*** Opening of Dataset excerpt ***

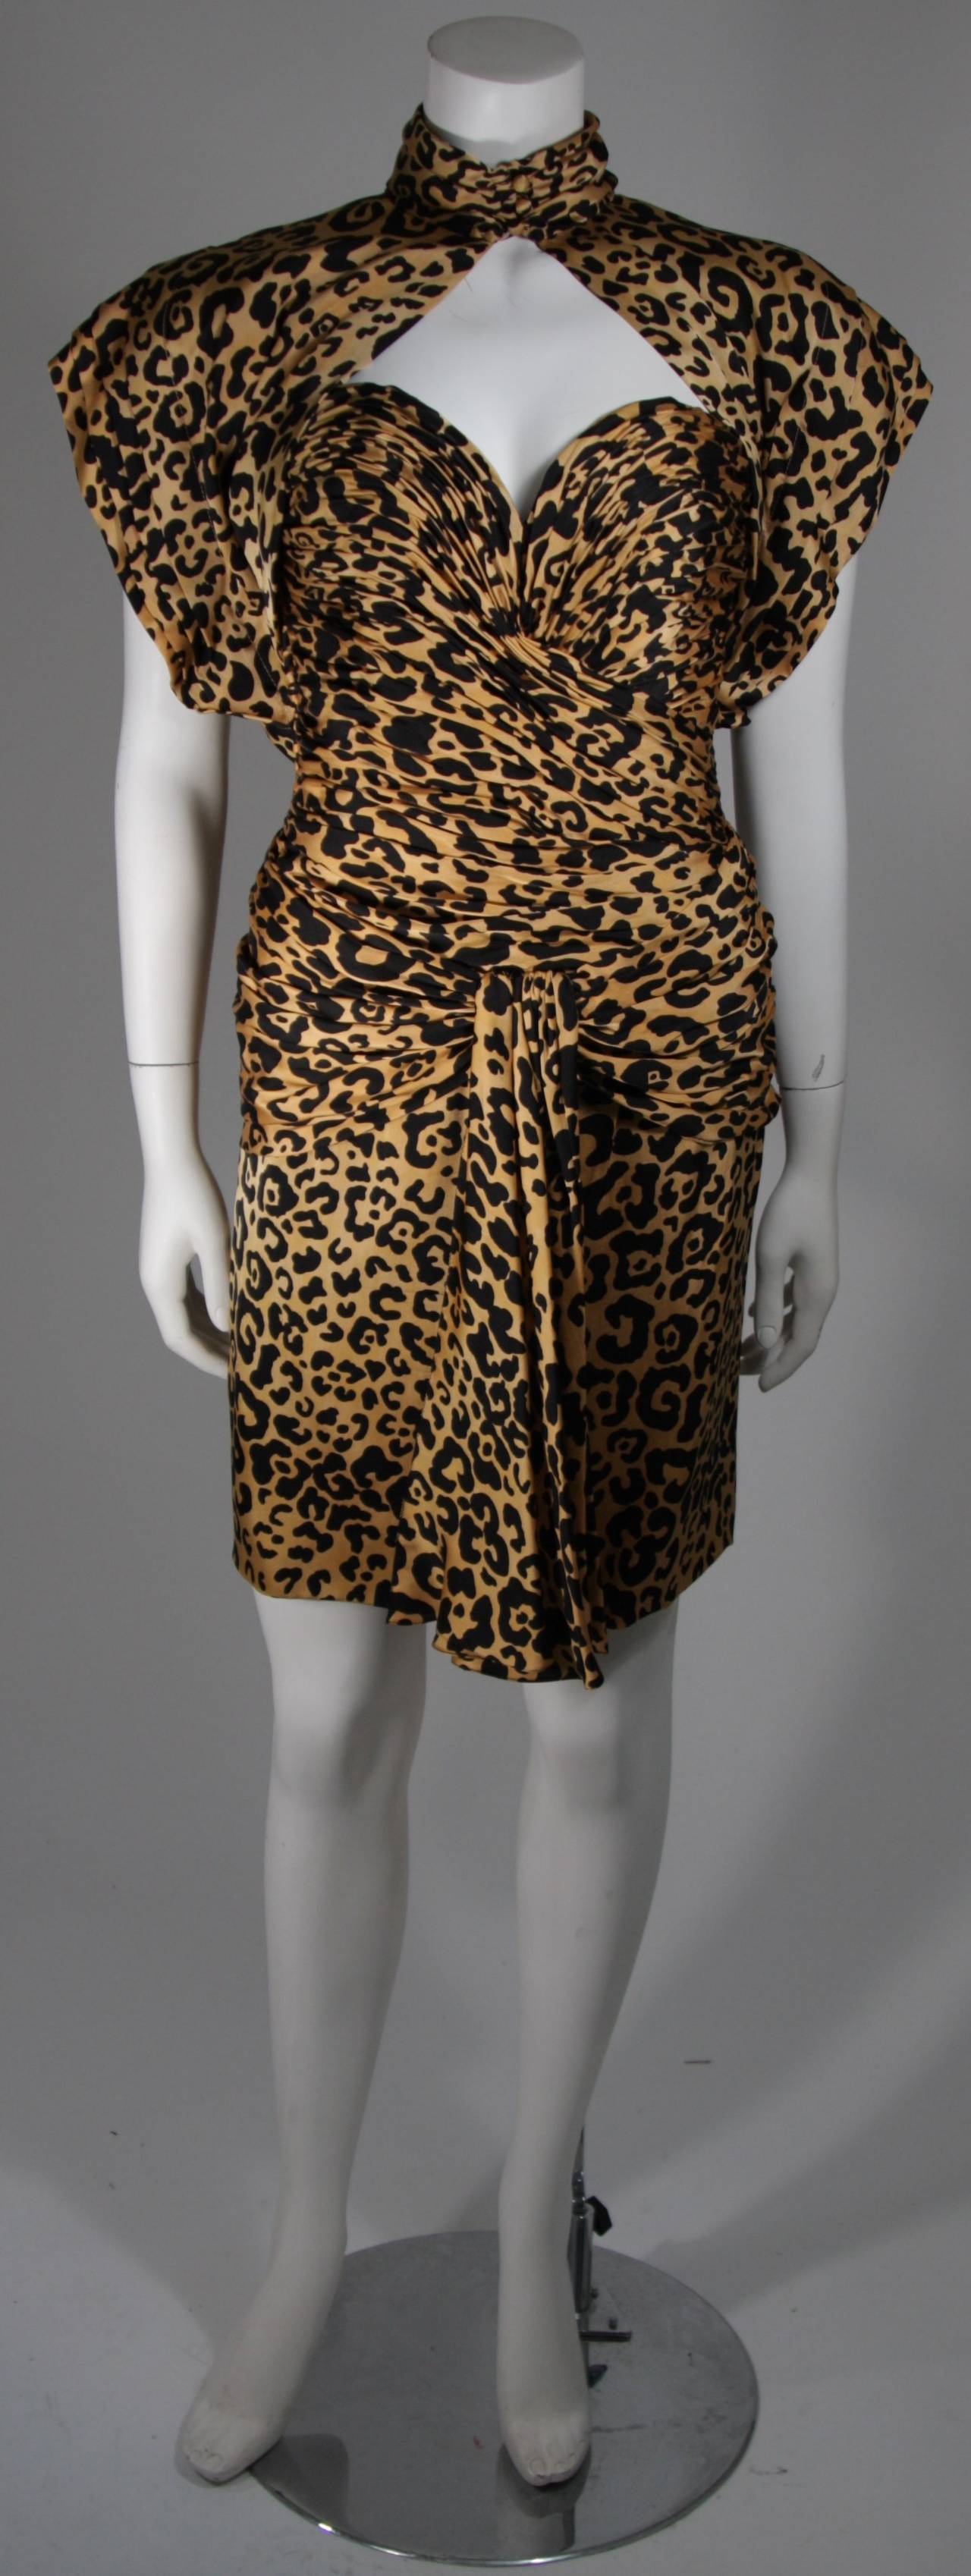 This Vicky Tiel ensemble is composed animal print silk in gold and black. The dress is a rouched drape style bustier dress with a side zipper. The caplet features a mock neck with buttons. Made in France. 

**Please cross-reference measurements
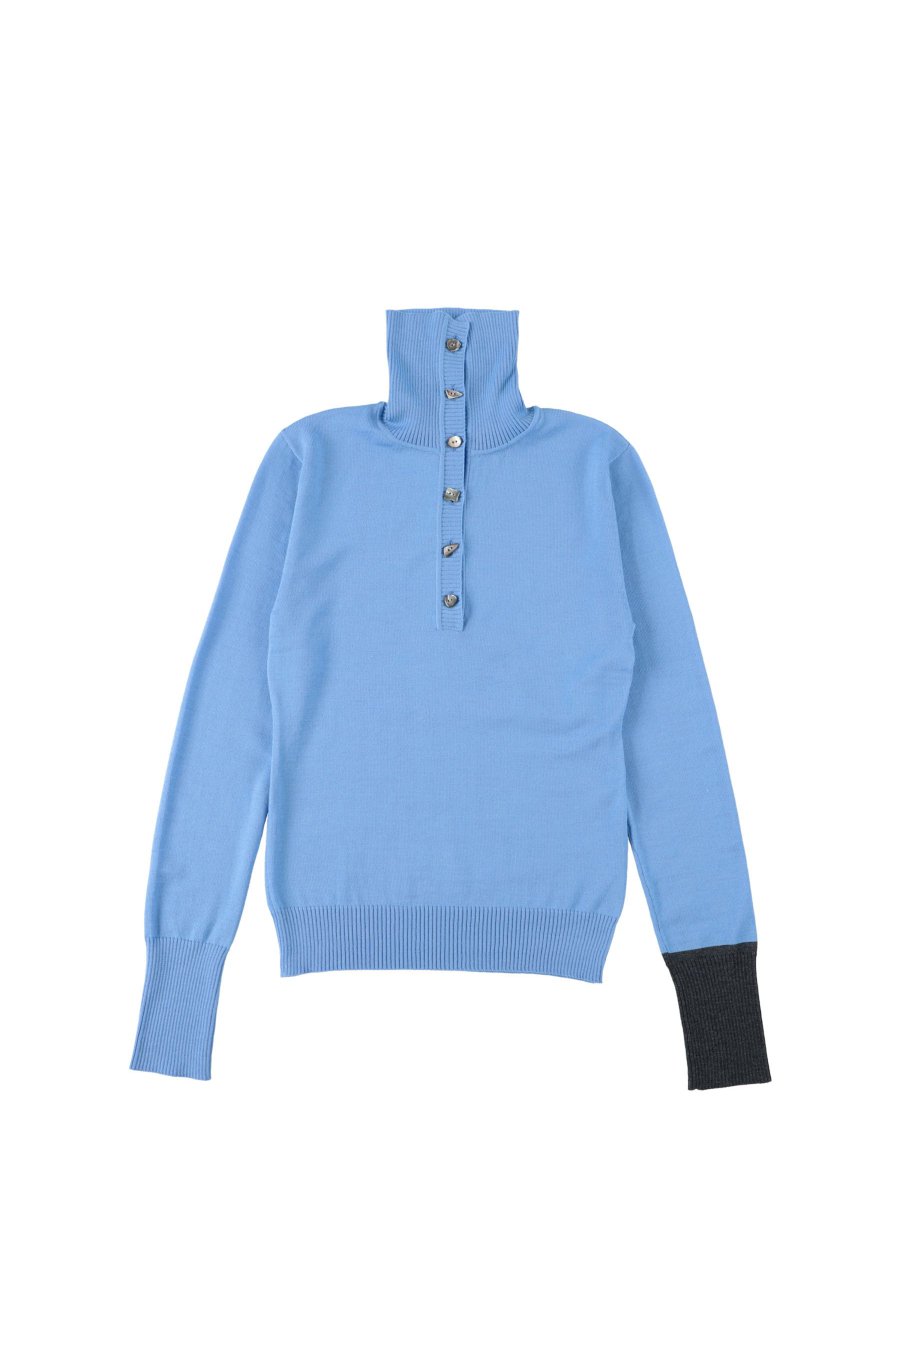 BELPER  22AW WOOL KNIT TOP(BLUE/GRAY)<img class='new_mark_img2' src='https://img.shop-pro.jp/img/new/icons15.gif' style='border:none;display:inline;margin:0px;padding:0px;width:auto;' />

*** Close of Dataset excerpt ***

**What you need to do**
Only the pictures are to be left out; write out all the other data exactly.

**Result of this task**
 This Vicky Tiel ensemble is composed animal print silk in gold and black. The dress is a rouched drape style bustier dress with a side zipper. The caplet features a mock neck with buttons. Made in France. 

**Please cross-reference measurements
 BELPER  22AW WOOL KNIT TOP(BLUE/GRAY)<img class='new_mark_img2' src='https://img.shop-pro.jp/img/new/icons15.gif' style='border:none;display:inline;margin:0px;padding:0px;width:auto;' />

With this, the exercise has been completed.